Provided data
- Opening Delimiter -

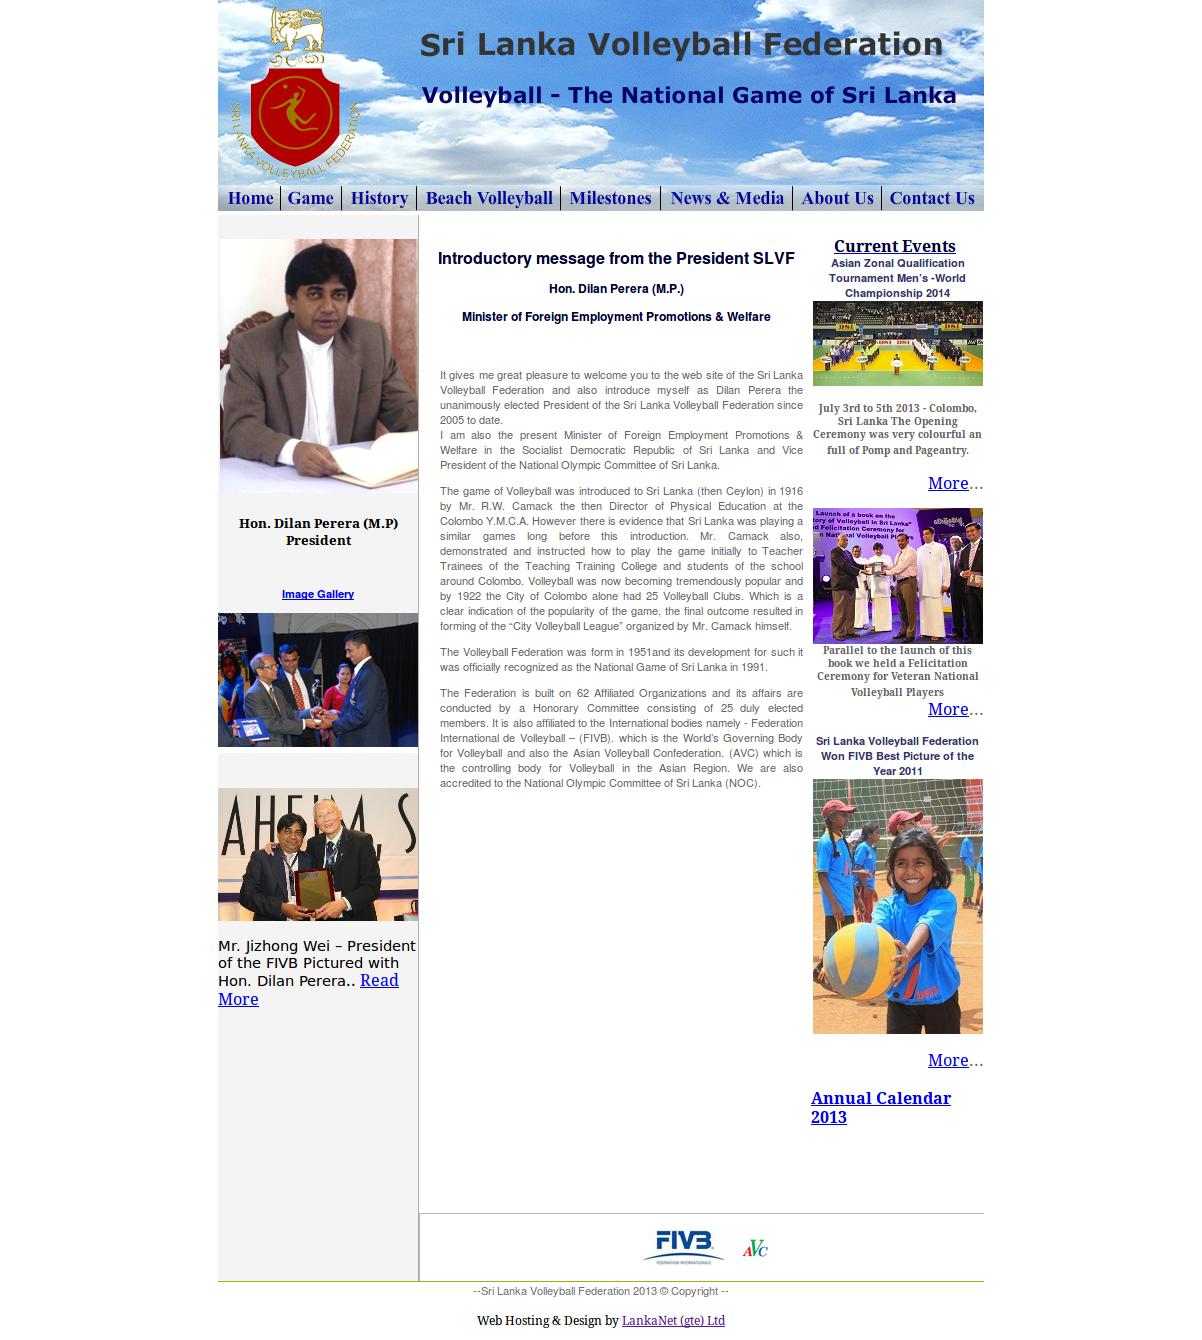 Sri Lanka Volleyball Federation
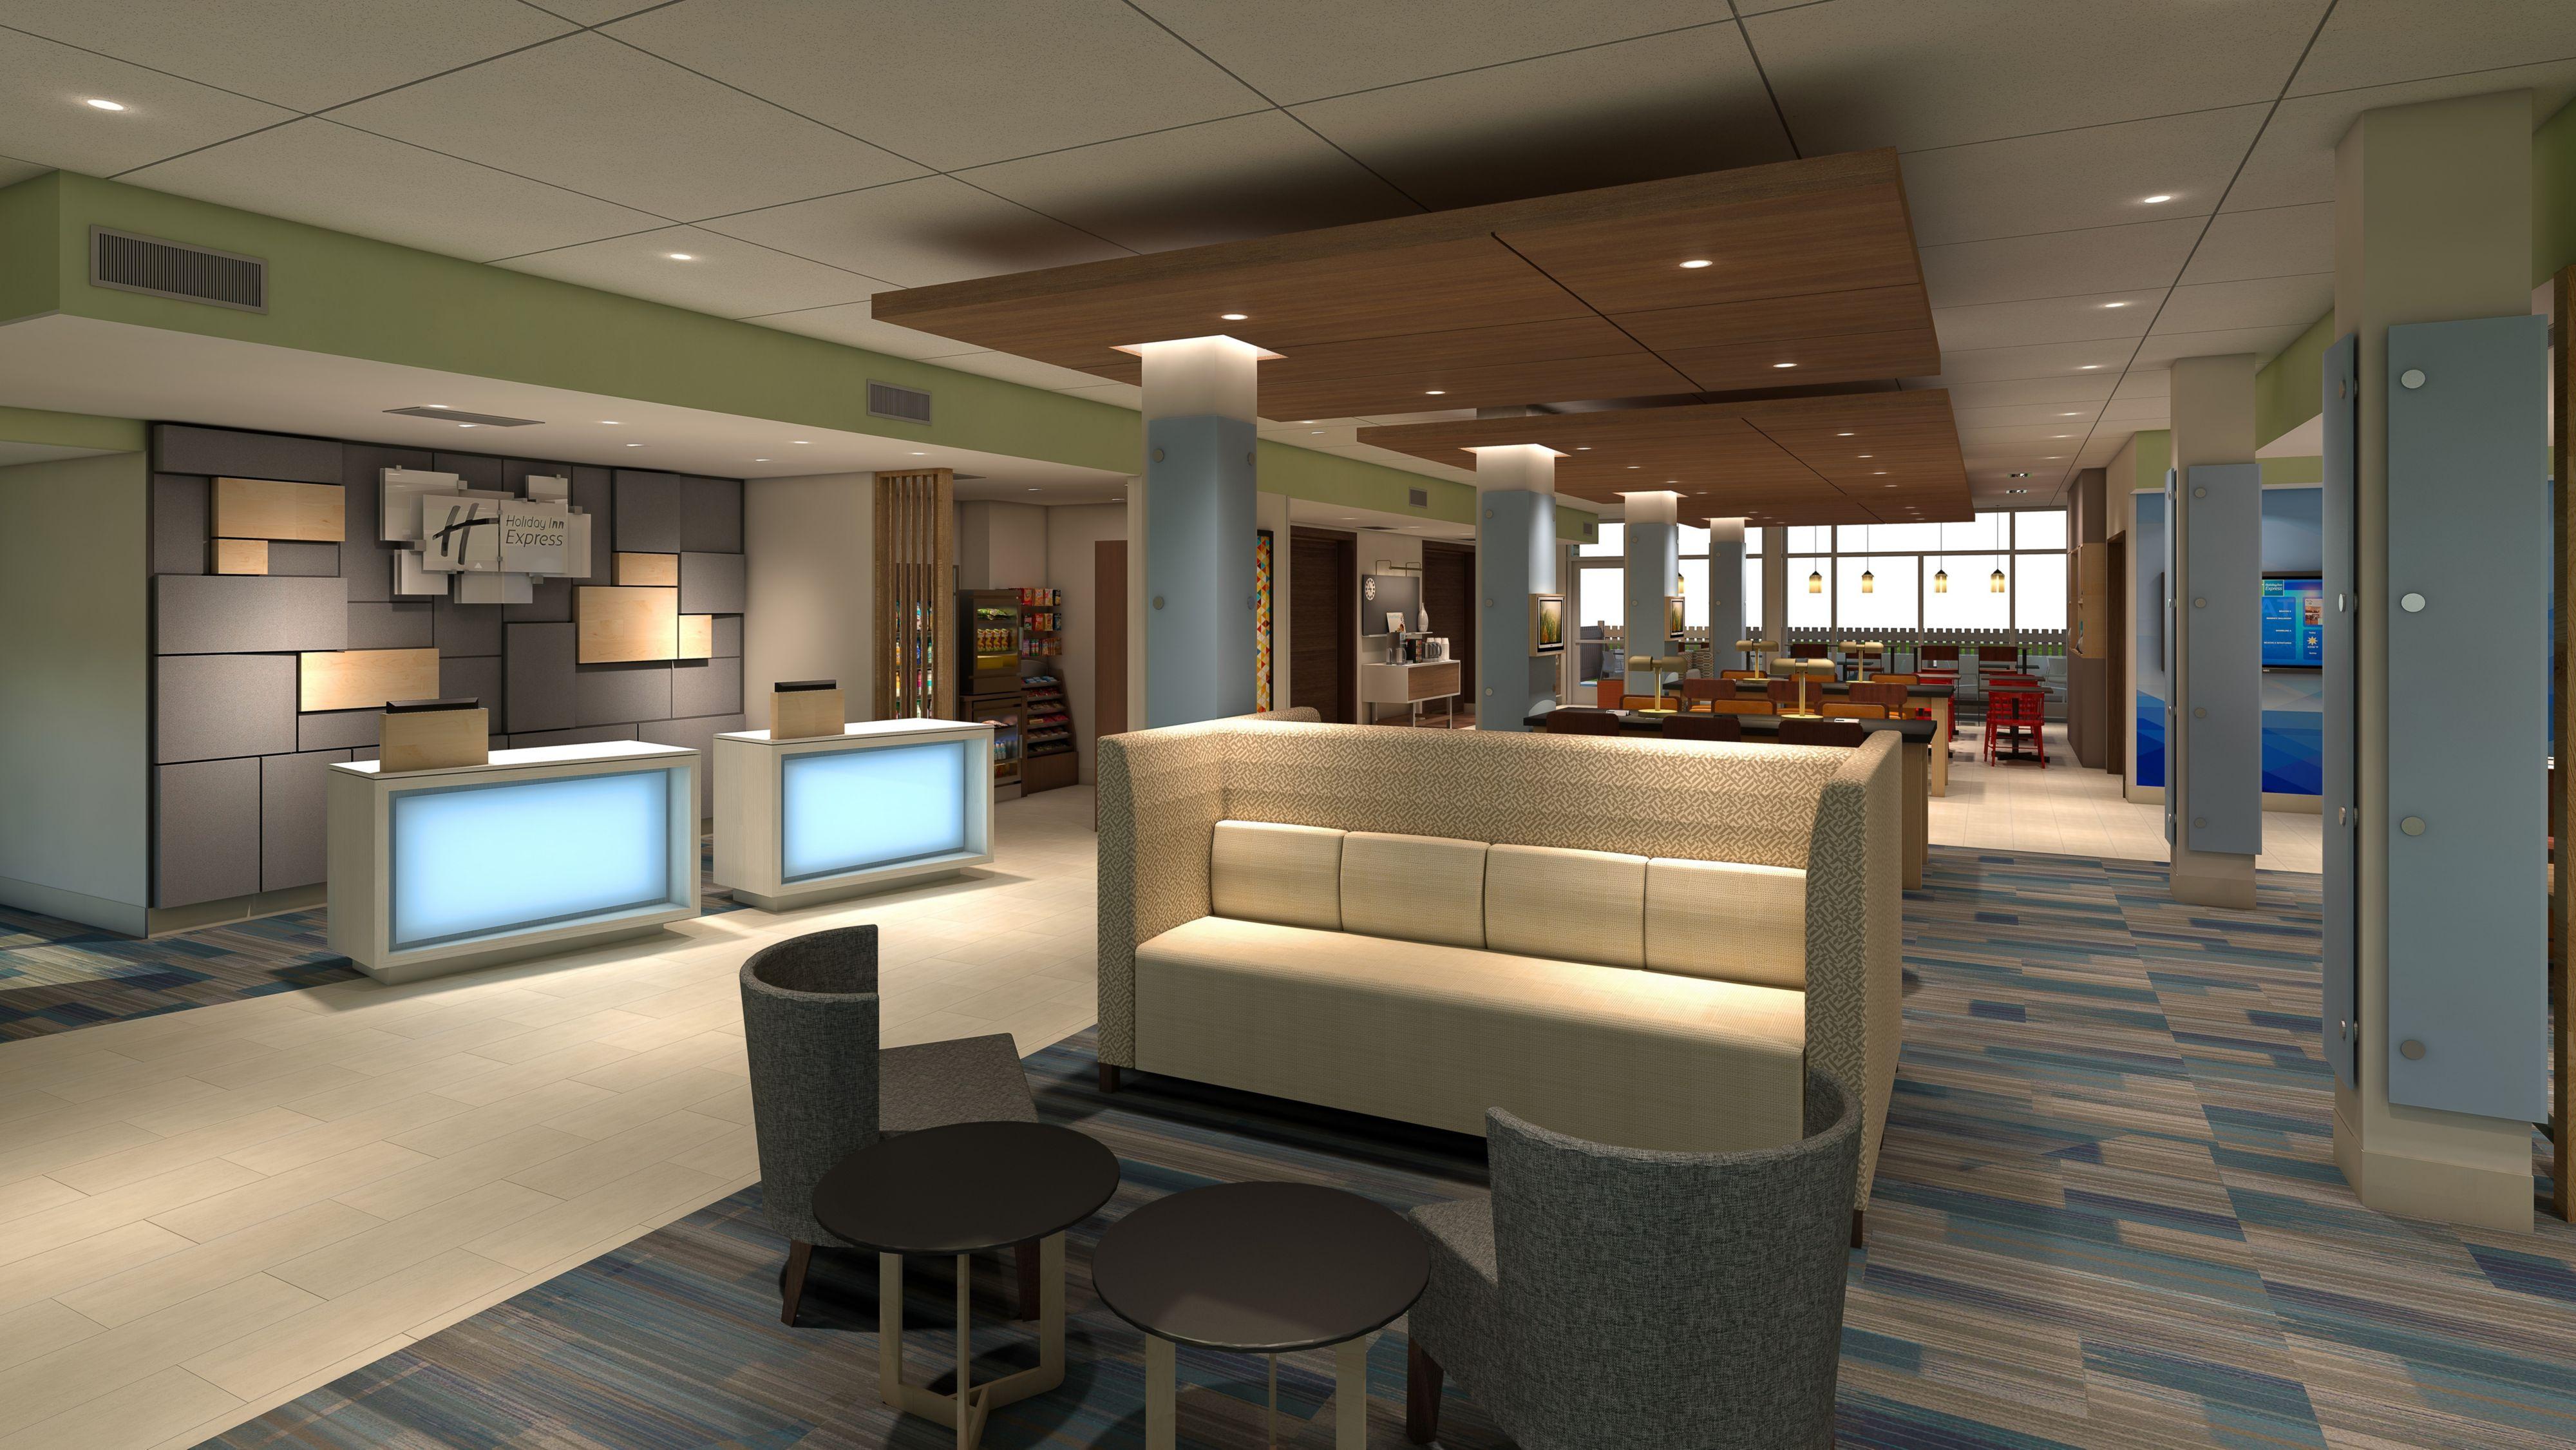 Holiday Inn Express Donaldsonville 2280 Business Park Blvd 225 473 3500
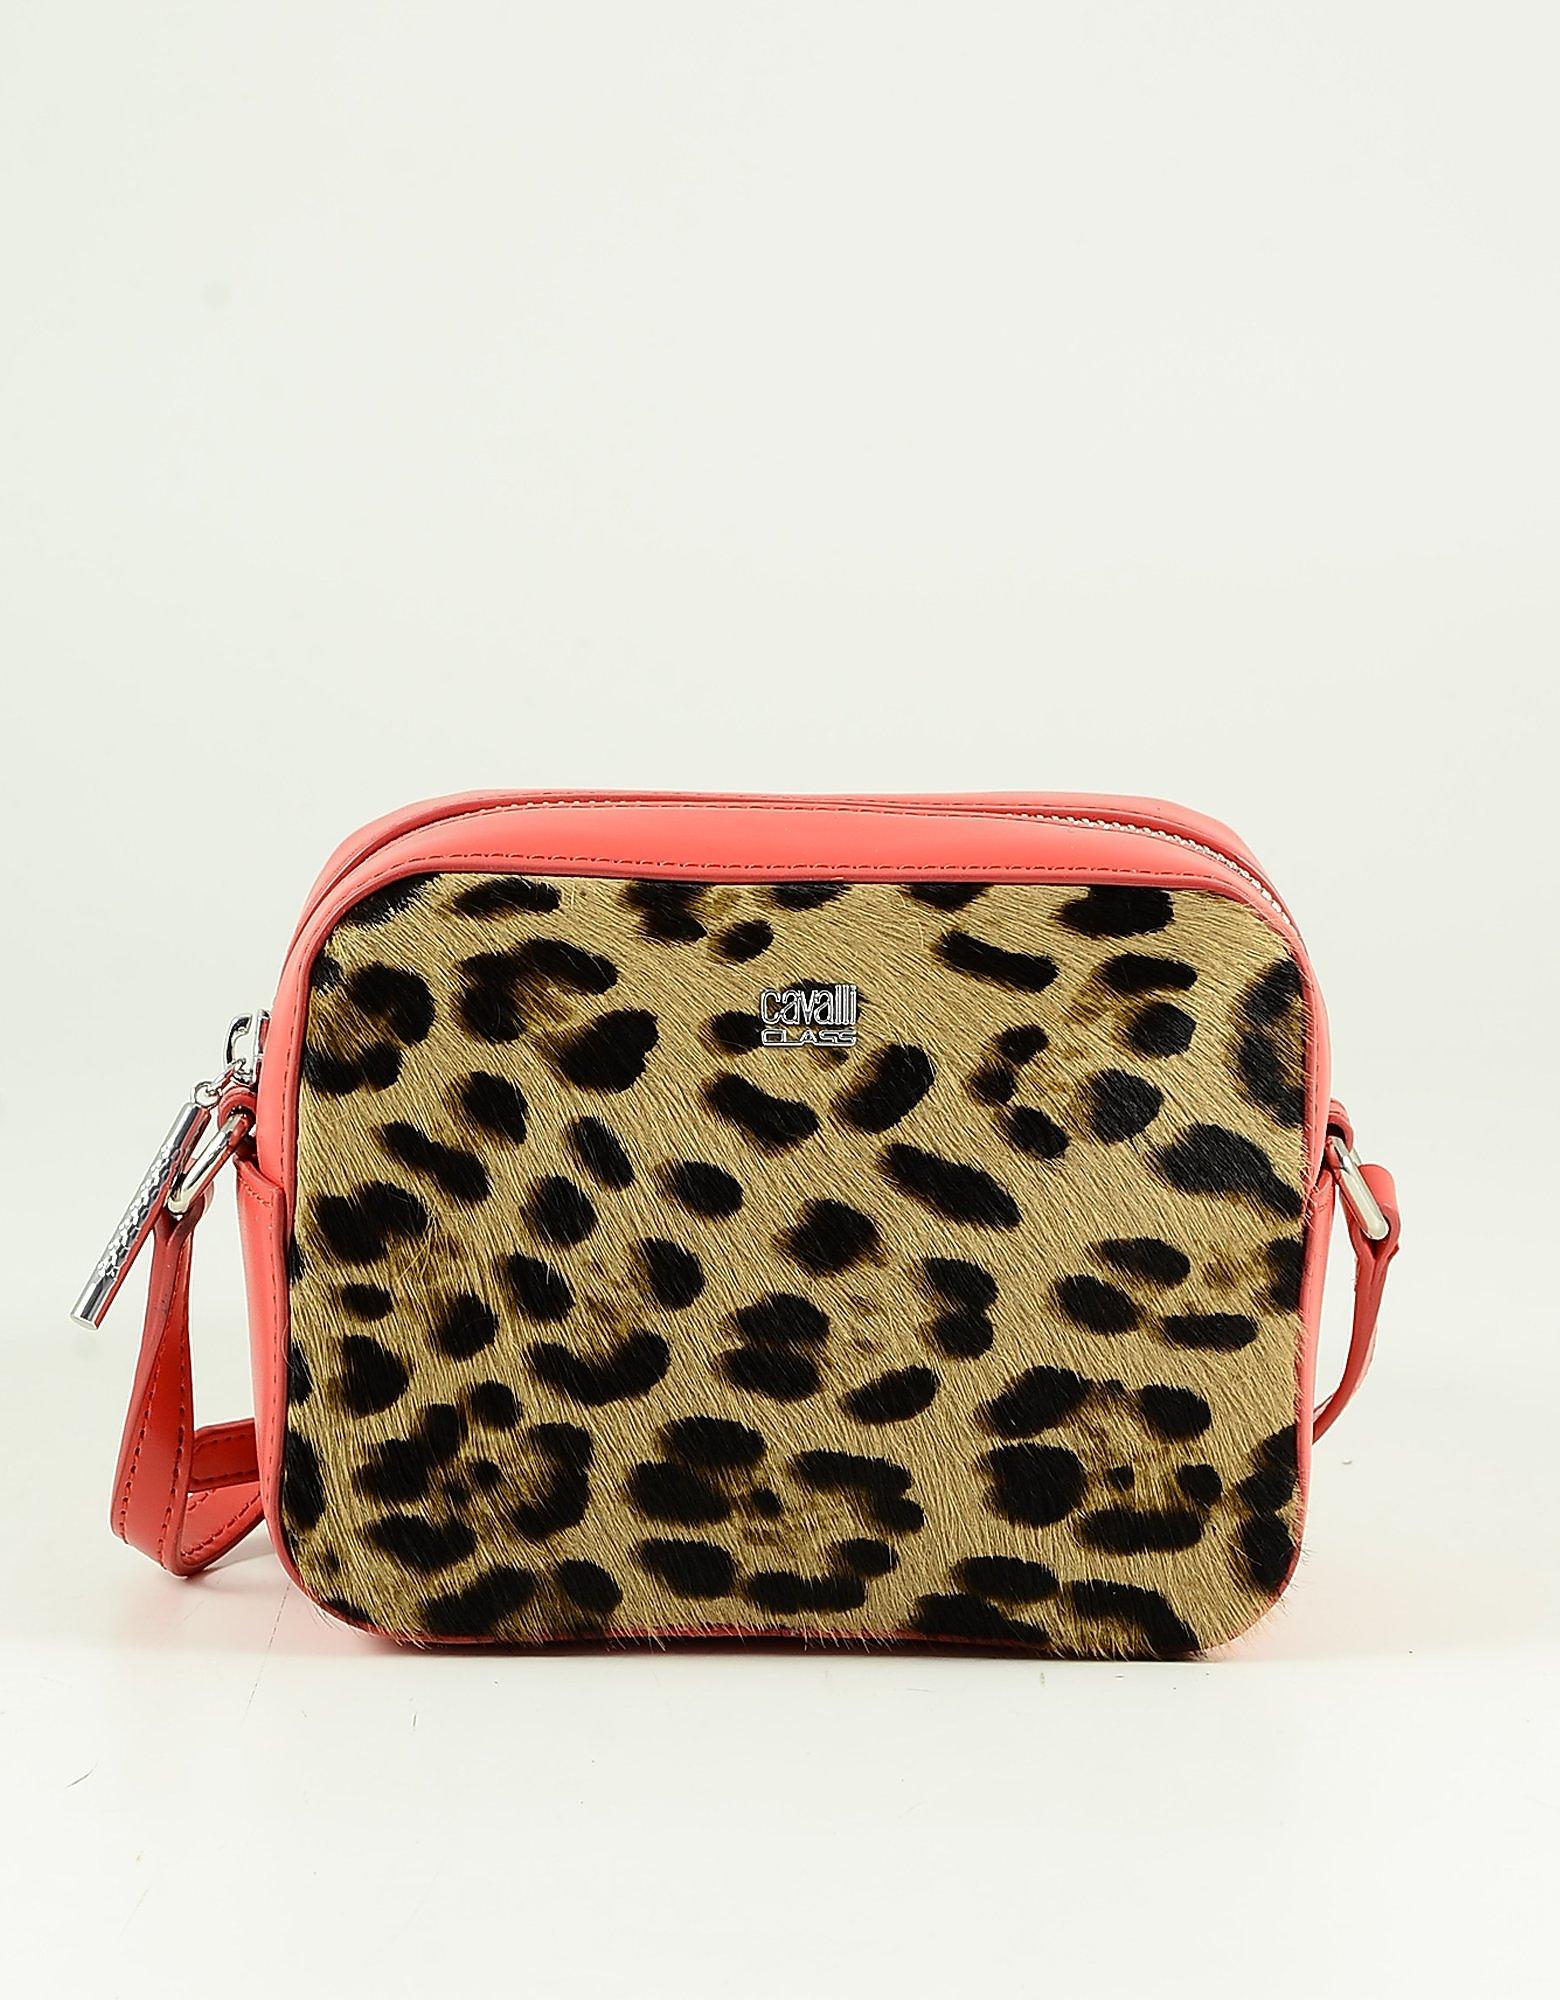 Class Roberto Cavalli Brown Animal Print Hair-calf Leather Camera Bag

- Closing Delimiter -

What is required
Although the material contains pictures, only the lines are to be written out, exactly as they stand.

Answer for the task
 Sri Lanka Volleyball Federation
 Holiday Inn Express Donaldsonville 2280 Business Park Blvd 225 473 3500
 Class Roberto Cavalli Brown Animal Print Hair-calf Leather Camera Bag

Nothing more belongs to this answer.